Additionally, official support for Anthropic API format has been added, allowing everyone to easily integrate DeepSeek-V3.1 capabilities into the Claude Code framework. (See official documentation: https://api-docs.deepseek.com/zh-cn/guides/anthropic_api)

1. Hybrid Reasoning Architecture: A New Experience for Intelligent Interaction

The most notable innovation of DeepSeek-V3.1 is its hybrid reasoning architecture (Hybrid Reasoning Architecture). This design allows a single model to simultaneously support "Thinking Mode" (ThinkMode) and "Non-Thinking Mode" (Non-ThinkMode), with users able to freely switch by simply clicking the "Deep Thinking" button in the official App or web version.

In thinking mode, the model performs in-depth reasoning on complex problems, ensuring answer accuracy and logic. Non-thinking mode is suitable for daily conversations and simple queries, providing faster responses.

The advantage of this hybrid architecture lies in its balance between response speed and answer quality. According to DeepSeek's official test data, V3.1-Think achieves equal average performance across various tasks compared to R1-0528 while reducing output tokens by 20%-50%, truly realizing the efficiency improvement of "less is more".
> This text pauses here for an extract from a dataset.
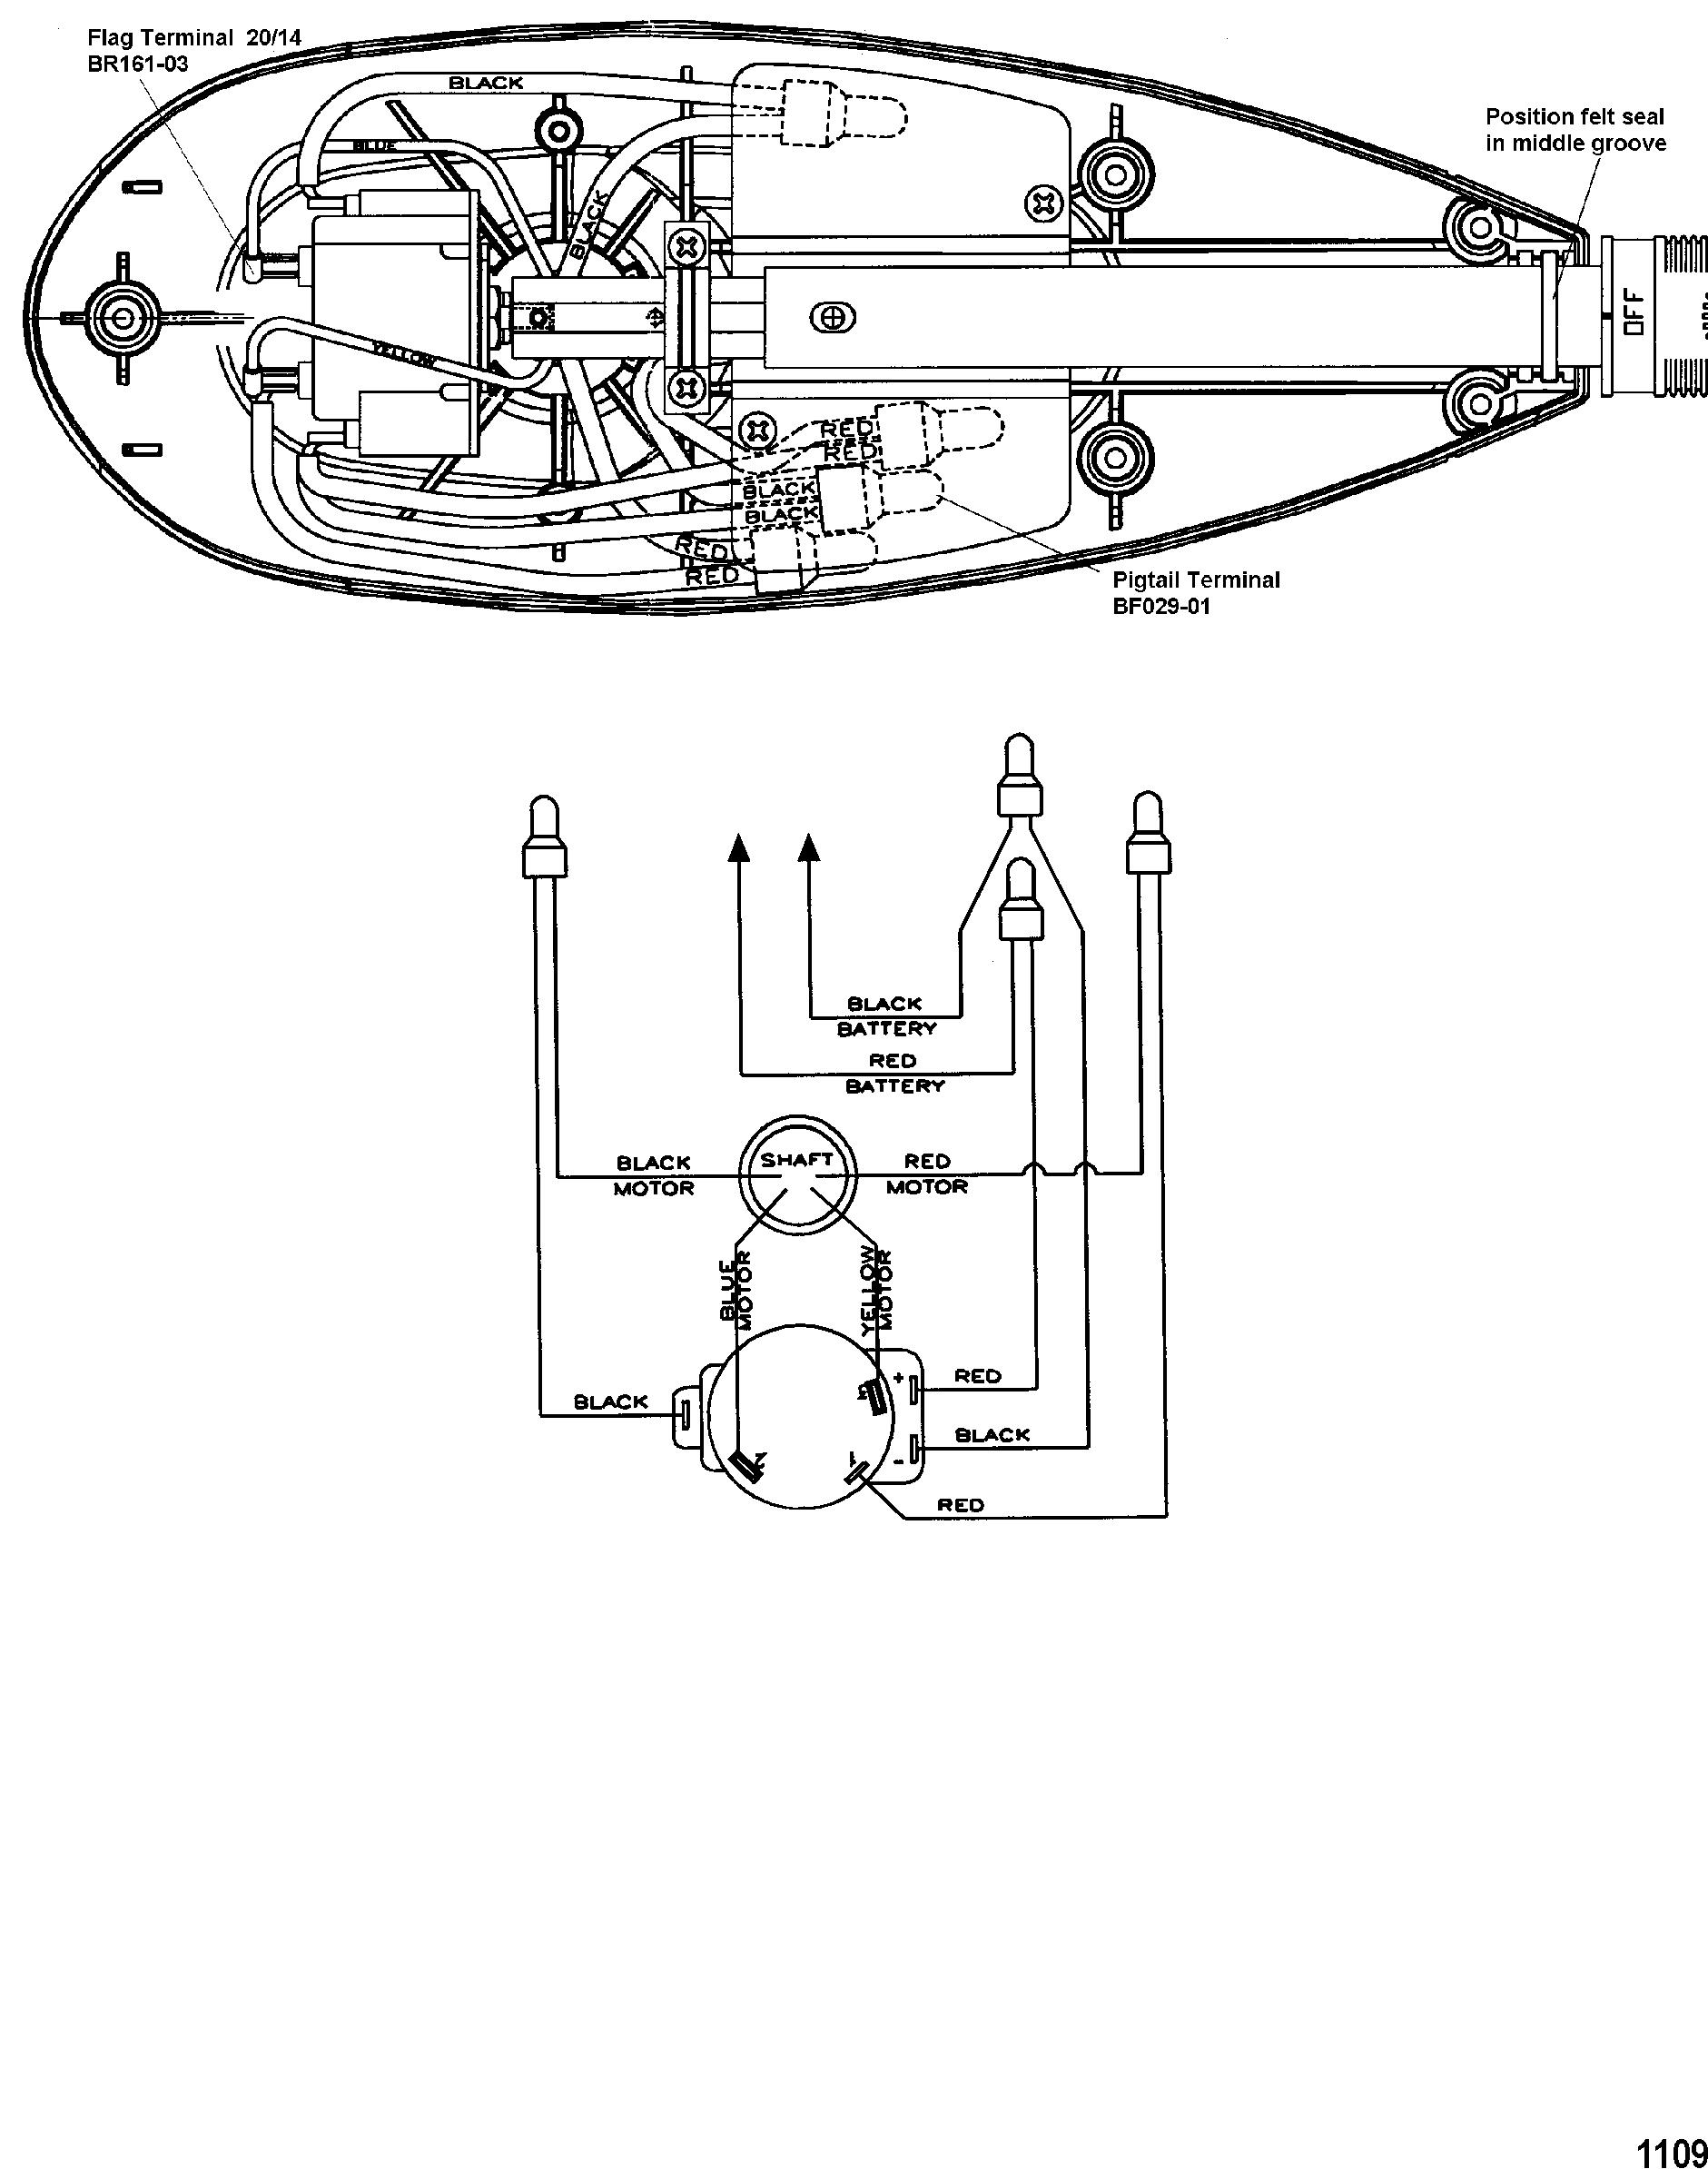 Motorguide 24 36 Volt Diagrams User Guide Manual That Easy To Read Starter Wiring Diagram Trolling Motor Energy Series All Up Rh Mercury Lakor Com 3 Amp Transformer

2. Performance Breakthrough: Excellent Performance in Multiple Benchmark Tests

DeepSeek-V3.1 demonstrates excellent performance in multiple internationally authoritative benchmark tests, achieving significant improvements particularly in programming, search, and complex reasoning tasks.

In programming agent testing, V3.1 scored 66.0% in SWE-bench Verified (real-world software engineering task evaluation), a significant improvement compared to R1-0528's 44.6%.

In complex search tests requiring multi-step reasoning (browsecomp) and multidisciplinary expert-level problem tests (HLE), DeepSeek-V3.1's performance has significantly surpassed R1-0528, with HLE test pass rate reaching 29.8%.

The model also performs excellently in academic evaluations, scoring 88.4% in AIME 2025, 80.1% in GPQA Diamond, and 74.8% in LiveCodeBench, all outperforming R1-0528's corresponding performance.

Programming Agent Performance Comparison

Benchmarks	DeepSeek-V3.1	DeepSeek-V3-0324	DeepSeek-R1-0528
SWE-bench Verified	66.0	45.4	44.6
SWE-bench Multilingual	54.5	29.3	30.5
Terminal-Bench	31.3	13.3	5.7

In code repair evaluation SWE and complex task testing in command-line terminal environments (Terminal-Bench), DeepSeek-V3.1 shows significant improvement compared to previous DeepSeek series models.

Search Agent Performance Comparison

Benchmarks	DeepSeek-V3.1	DeepSeek-R1-0528
Browsecomp	30.0	8.9
Browsecomp_zh	49.2	35.7
HLE	29.8	24.8
xbench-DeepSearch	71.2	55.0
Frames	83.7	82.0
SimpleQA	93.4	92.3
Seal0	42.6	29.7

DeepSeek-V3.1 has achieved significant improvements in multiple search evaluation metrics. In complex search tests requiring multi-step reasoning (browsecomp) and multidisciplinary expert-level problem tests (HLE), DeepSeek-V3.1 performance has significantly surpassed R1-0528.

3. Efficiency Improvement: Chain-of-Thought Compression Technology Reduces Computational Consumption

DeepSeek-V3.1 achieves significant efficiency improvement through chain-of-thought compression training technology (Chain-of-Thought Compression Training). This technological innovation enables the model to reduce output token count by 20% to 50% while maintaining the same task performance level.

Reduced token consumption means users can process more content under the same budget, particularly suitable for high-frequency, large-scale application scenarios such as long-text generation and batch copywriting creation.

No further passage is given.